FREQUENT FLYER MILES
UNLV will depart Las Vegas on Thursday, March 14. They will arrive in North Carolina on the same day and stay at the Wyndham Garden Hotel in Raleigh, N.C. This will be the second longest coast-to-coast trip the Lady Rebels have endured in the last 10 years. UNLV will travel 4,102 miles from Las Vegas to Chapel Hill, N.C. and back. In 1996, the Lady Rebels logged 5,312 flyer miles to play in the Hartford Courant Classic hosted by perennial national power Connecticut in Hartford, Conn.
SCOUTING THE BRACKET
Minnesota (21-7): The Golden Gophers are also making their first NCAA Tournament appearance since 1994, although only their second berth in school history. Similar to UNLV, Minnesota has made headlines all season long. With Big Ten Player of the Year Lindsay Whalen, who averages 21.7 ppg and 5.6 rpg, UMN won a school record 21 games this year and rebounded from a 1-15 season in conference play in 2001 to an 11-5 second-place finish in 2002. They are 1-1 all-time in NCAA Tournament competition and are guided by first-year head coach Brenda Oldfield, one of the youngest head coaches (31) in the nation.

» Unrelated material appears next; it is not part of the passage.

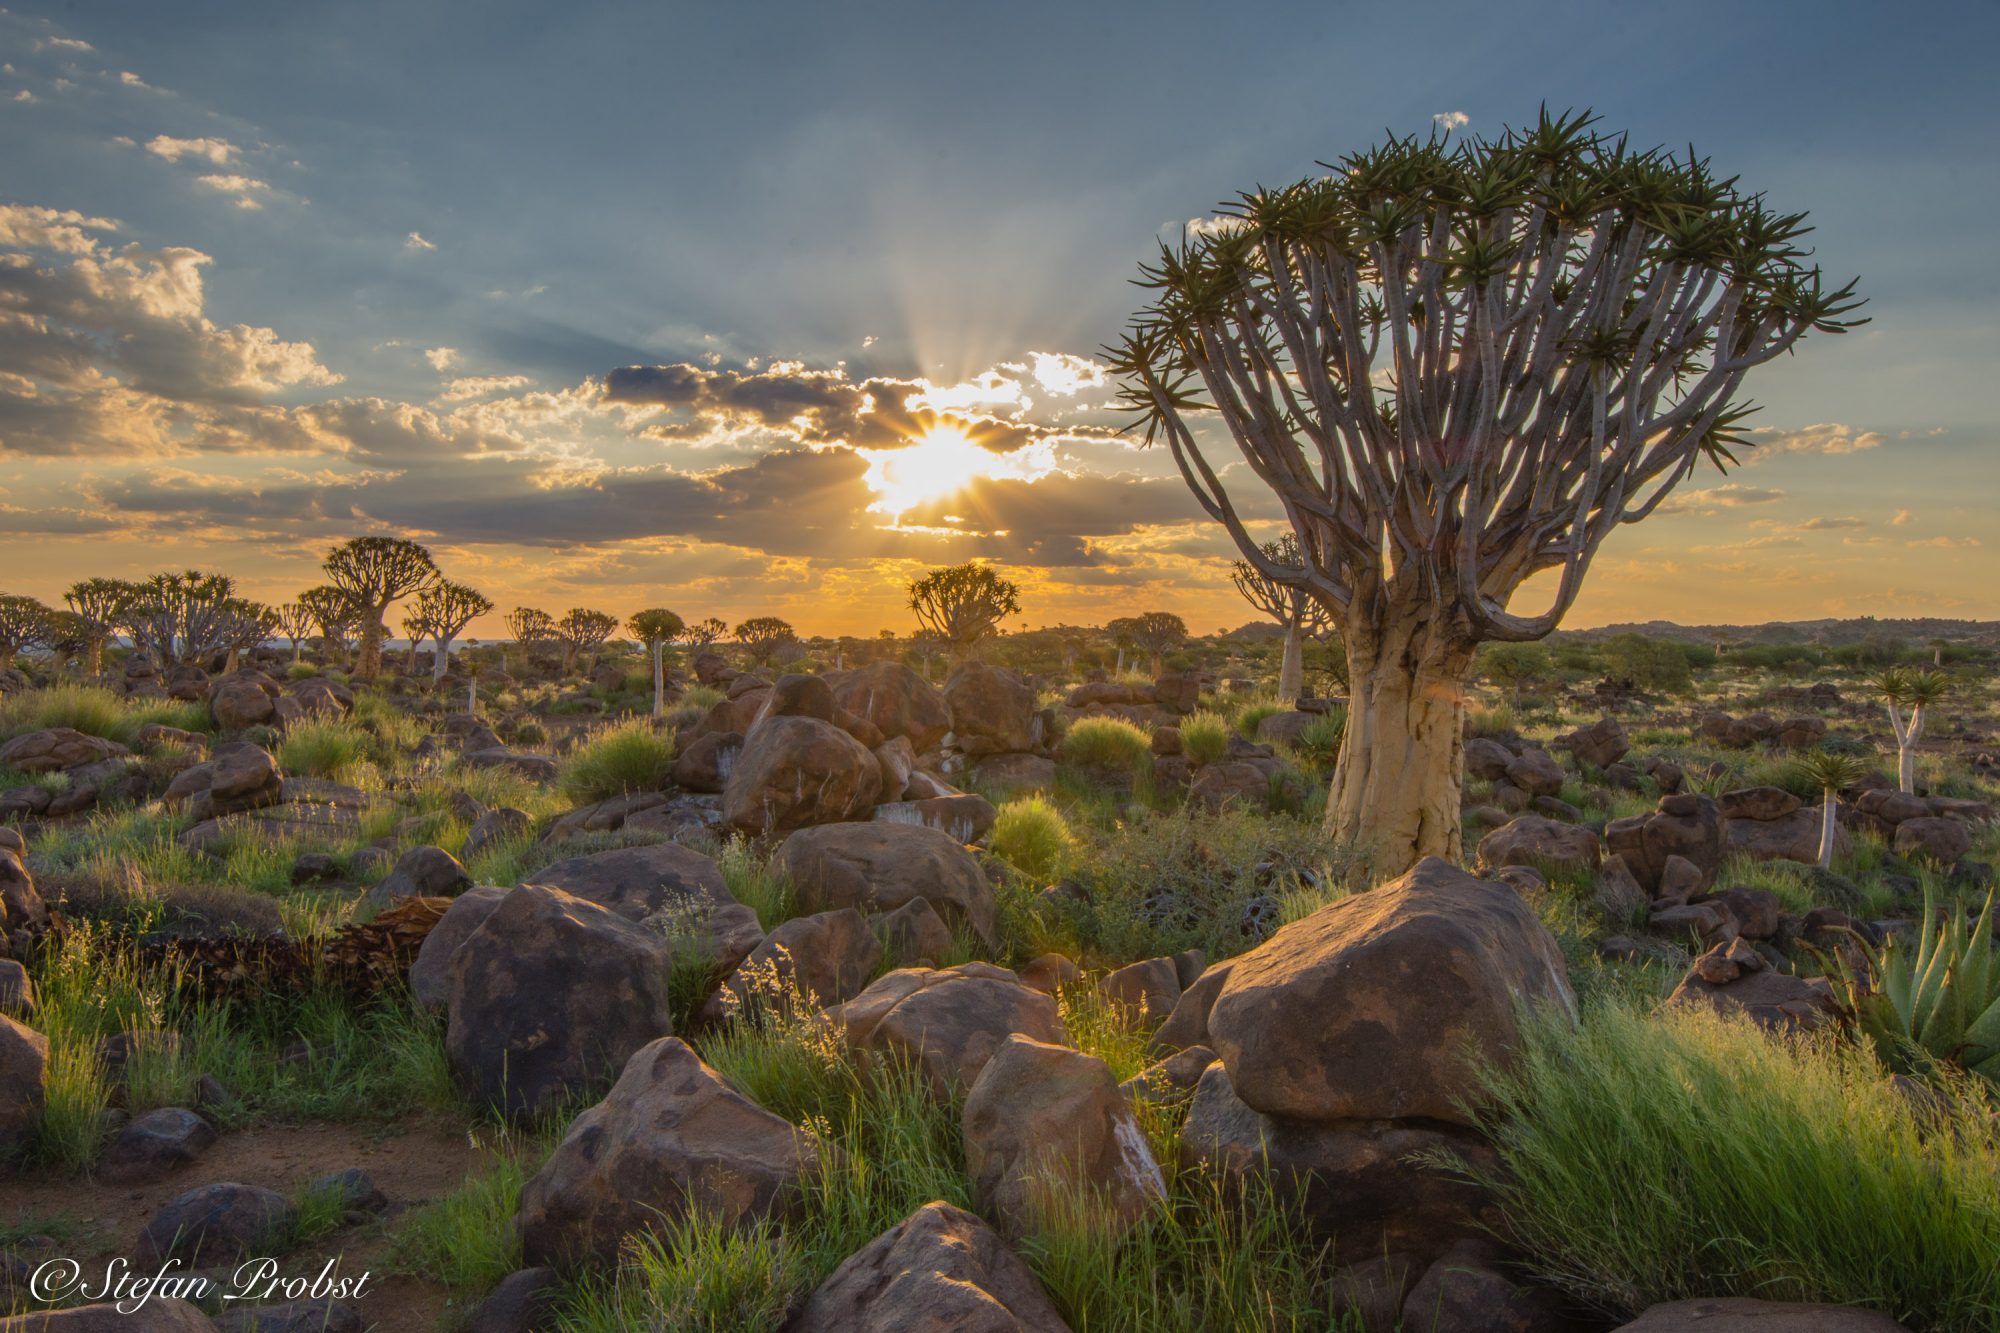 Namibia - Quivertree Forest Keetmanshoop

North Carolina (24-8): The Tar Heels, members of the ACC Conference, have always been a perennial powerhouse in both men's and women's basketball. The second-best team in the fourth best league in the country, the No. 16 North Carolina earned the fourth-seed in the Midwest Region. They currently are one of the top 5 schools in the nation in offense, scoring 80.6 points per game. Three players are averaging double digits in points per game: junior Nikki Teasley (15.8), junior Coretta Brown (16.6) and sophomore Candace Sutton (11.7). UNC is 1-5 this season against top-25 opponents, while instate and league rival Duke handed the Tar Heels three of those losses.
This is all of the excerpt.